Thursday, December 19, 2024

Dallas ISD considers options to replace Dallas County Schools’ transportation services

(Photo Credit: Michael Barera/Wikimedia)

By Joe Farkus, NDG Contributing Writer

The Dallas ISD Trustee Board was briefed on its options for replacing Dallas County Schools (DCS) during its Nov. 30 board briefing. The board was told DCS’s dissolution committee will be meeting over the course of the next four months to help determine the details of the transference of transportation responsibilities to Dallas ISD for the next school year. Dallas ISD has a particular challenge on its hands due to the sheer size of the district and the 16 different cities it covers.

DCS, which currently employs 850 bus drivers and 282 other employees, is saddled with $50 million in bond debt and $90 million in other debt. In order to pay off the organization’s financial difficulties, the DCS penny-tax rate charged to county taxpayers is expected to remain in place until the debt is paid. Whether that penny-tax rate will be applied only to the bond debt as opposed to the entire debt, remains unclear.

An initial plan has already been established by the district which lays out considerably more questions than answers. The district has three potential routes it can pursue in providing transportation services for its students next school year:

  • Contracted Services: essentially a continuation of the arrangement with DCS, except with a separate contractor. While the district would benefit from little-to-no upfront costs with this option, using a contractor often leads to lower pay for employees and a lack of direct control over the service provided. The district is unlikely to pursue this route as it deems the contractor option “virtually impossible” due to the district’s size.
  • In-House Program: considered by the district to be the best option, it would allow a potentially large number of DCS employees to remain within the district under a new in-house program. This option would allow more control over the transportation services to the district; however, there are concerns over high upfront costs and a potentially complicated implementation process.
  • Contracted / In-House Hybrid: which would include a portion of the transportation services going to a contractor(s) while the majority would, presumably, remain in-house. The district has tried this model with magnet and choice schools in the past with mixed results.

The district currently spends a grand total of more than $51 million on student transportation expenses. The projected cost is expected to increase by approximately $3 million for the 2018-19 school year. Representatives from the district are looking at other districts that use in-house programs to investigate what strategies it can implement to keep costs down and still be able to maintain a quality service for its students. Cy-Fair ISD has been identified has a potential model for a new in-house program, as its ridership is currently higher than Dallas ISD yet it spends considerably less than Dallas on its services.
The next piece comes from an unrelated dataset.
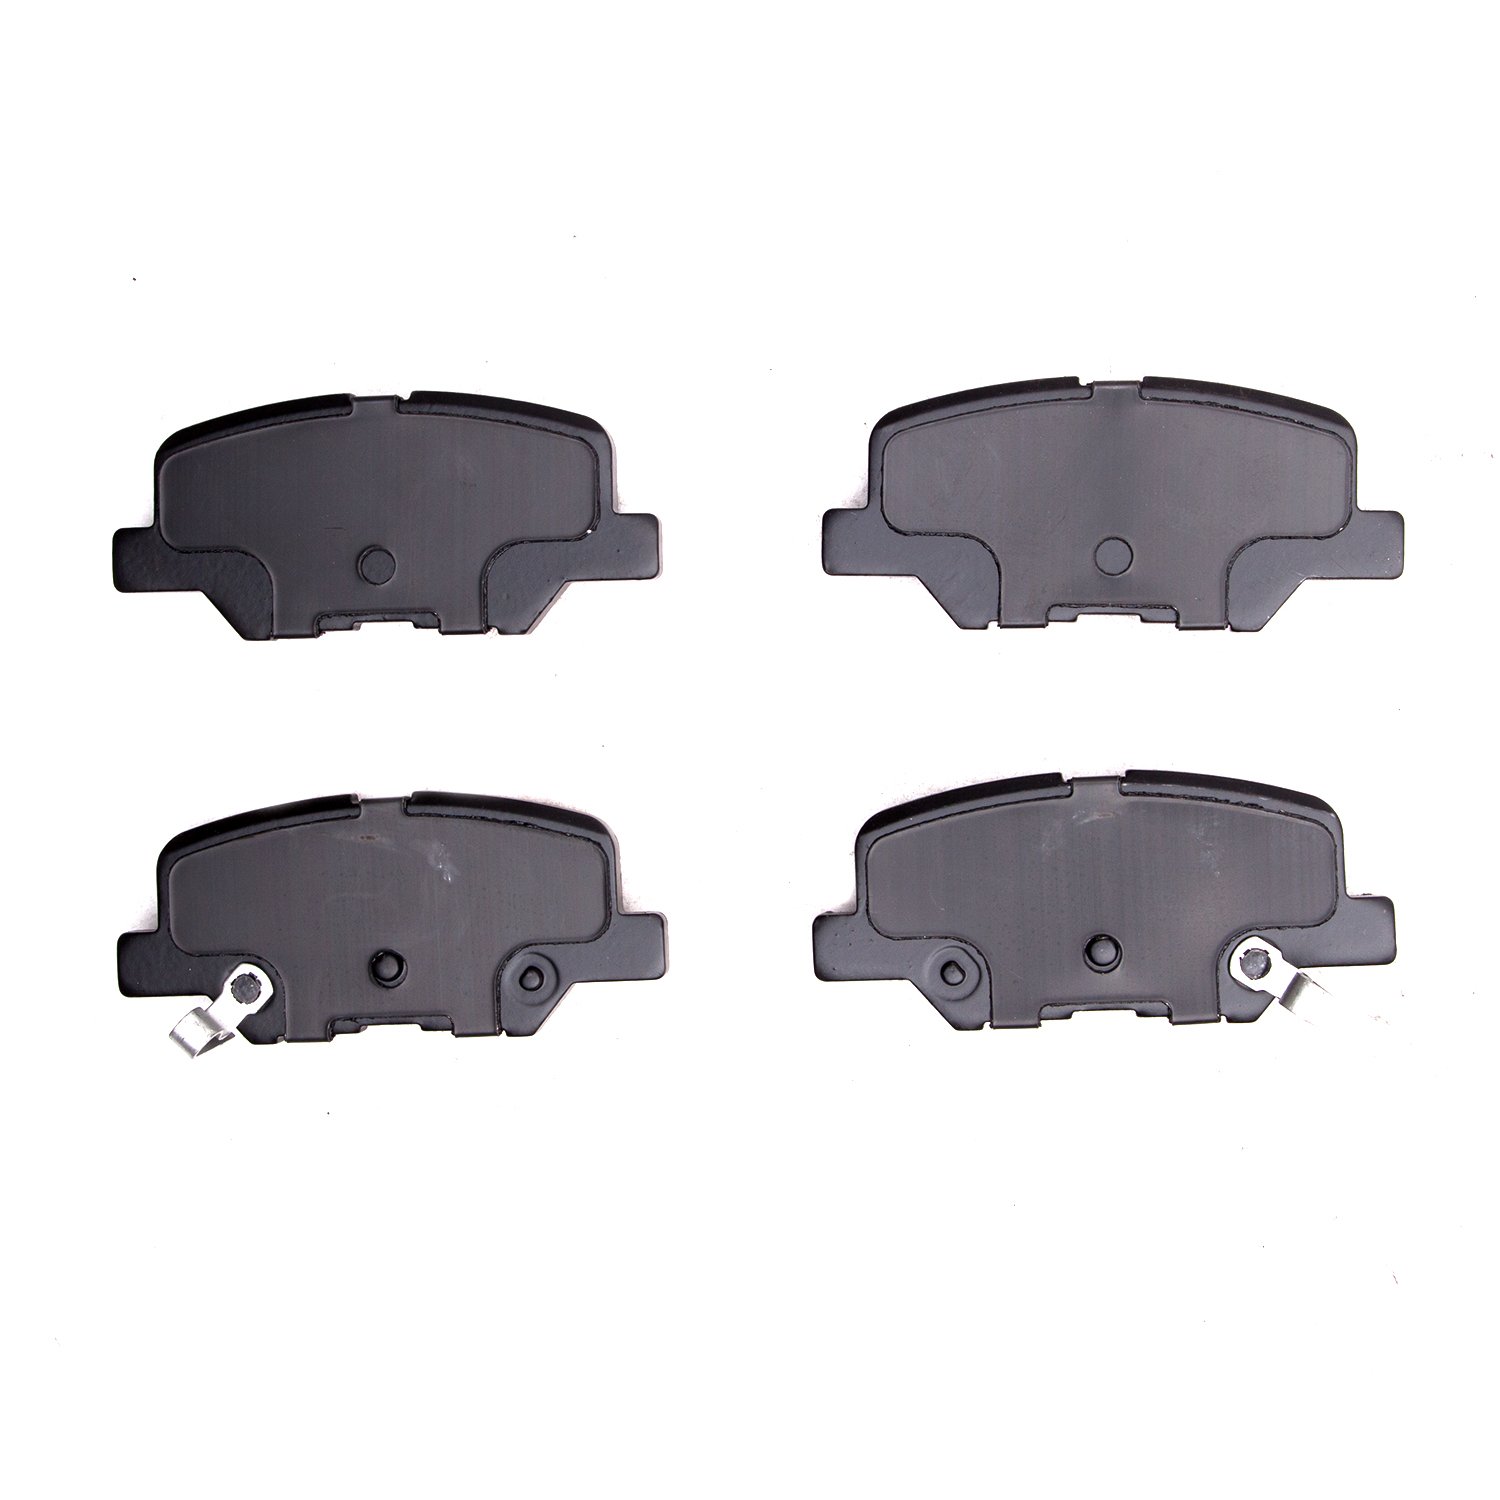 1551-1679-00 5000 Advanced Ceramic Brake Pads, Fits Select Multiple Makes/Models, Position: Rear
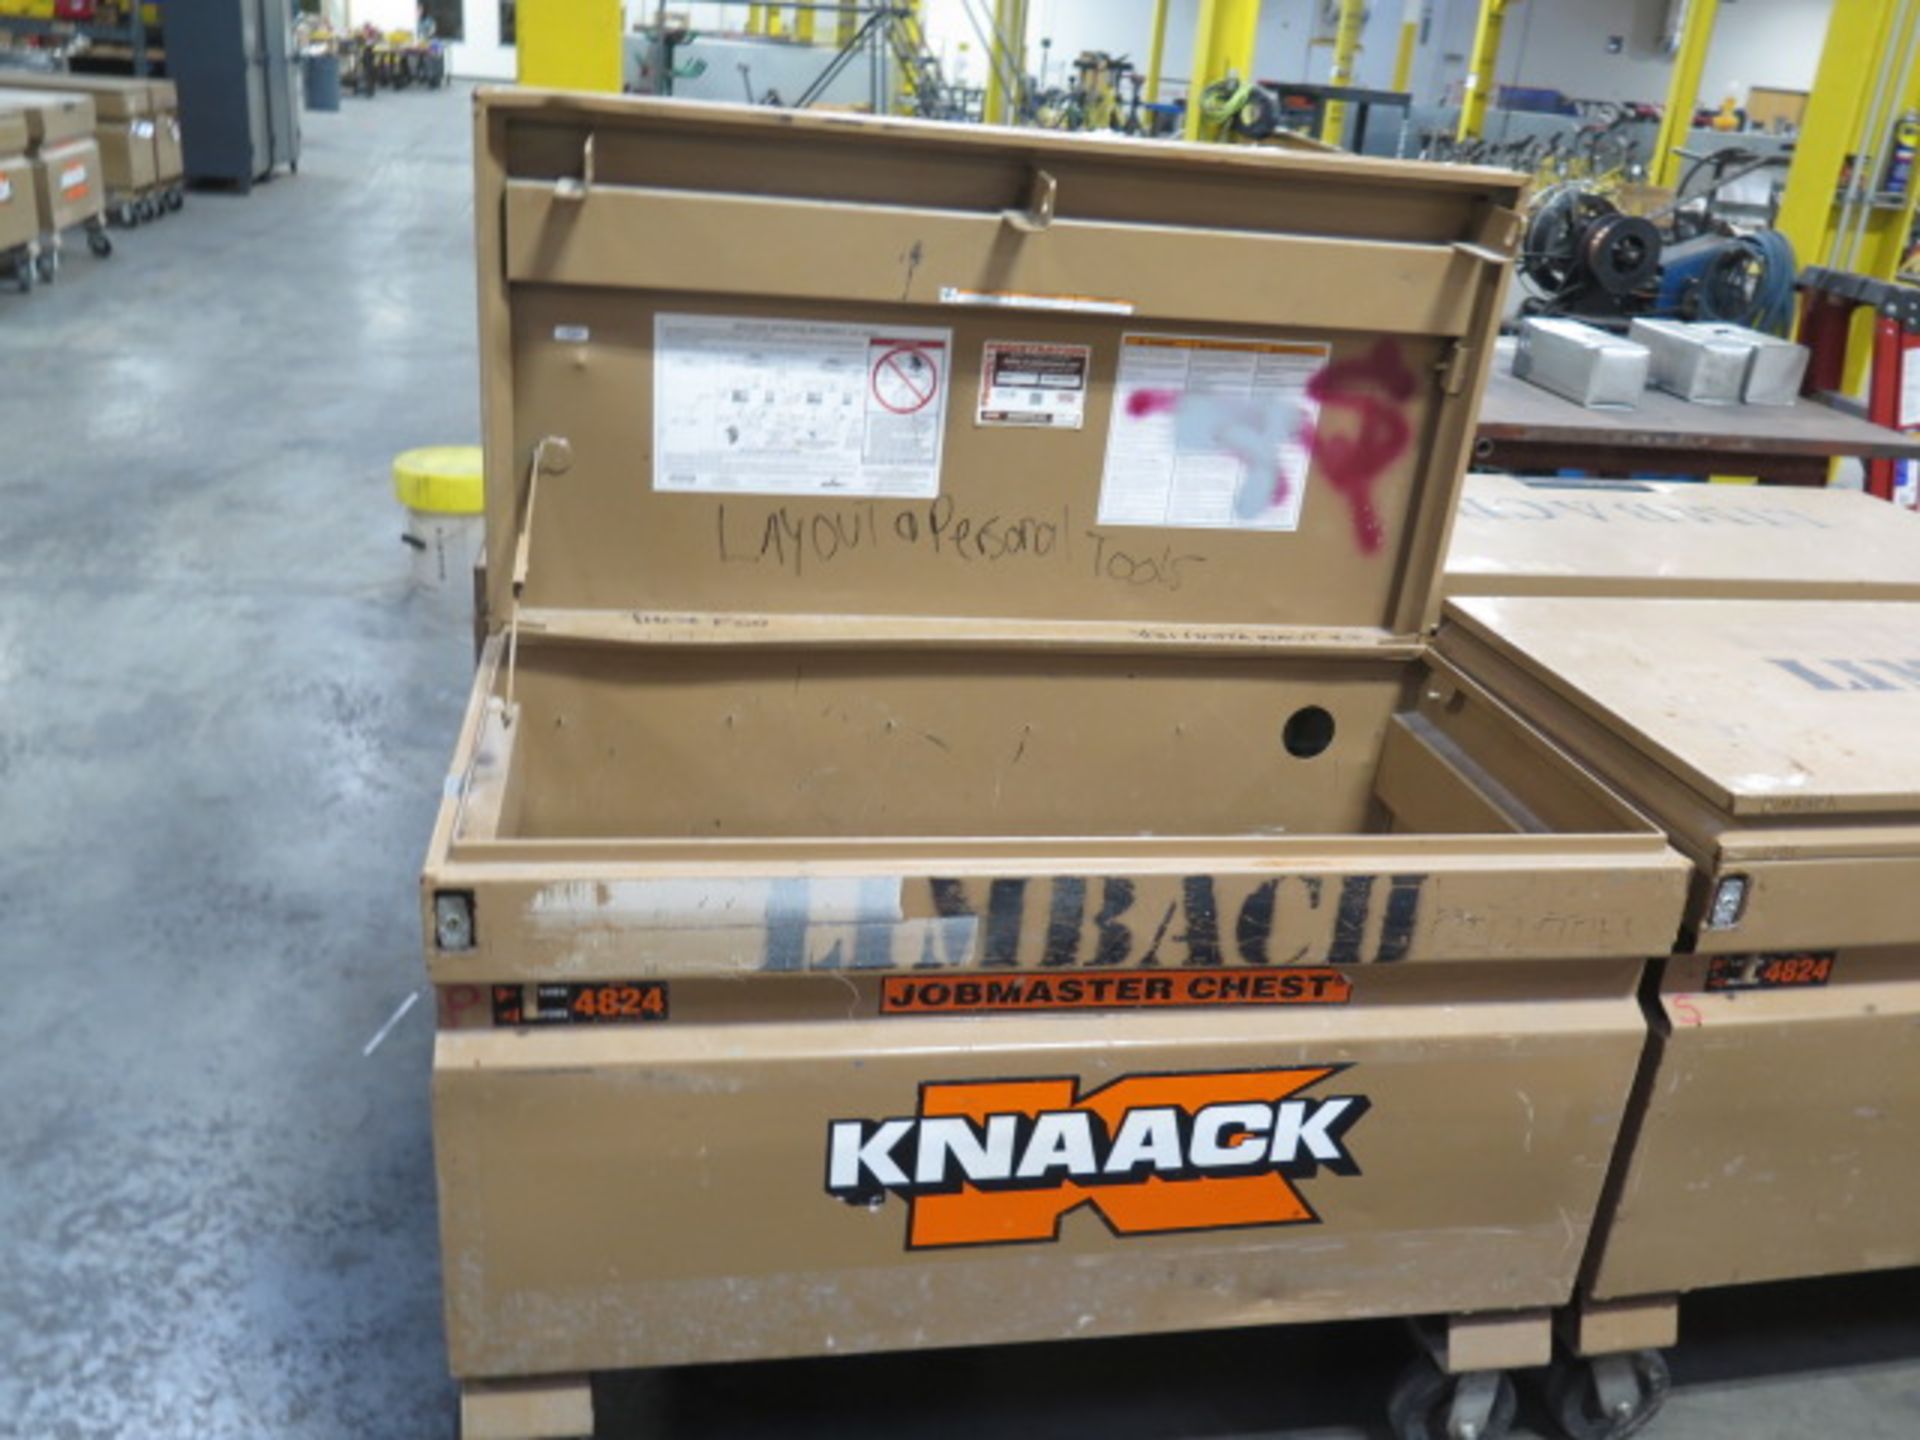 Knaack mdl. 4824 Rolling Job Box (SOLD AS-IS - NO WARRANTY) - Image 3 of 6

The next step for Dallas ISD is to hire a full-time Executive Director of Transportation to lead the process, to form a Transportation Transition Task Force to hammer out the details of a transition over the course of the next six months, and to figure out a way to absorb some of DCS’s support staff while maintaining their current hourly rates and potentially retaining a form of their current benefits received. Despite the district’s best efforts, little is yet to be known regarding how it will acquire DCS’s fleet of 925 buses among other concerns. Dallas ISD must have a plan by early next year.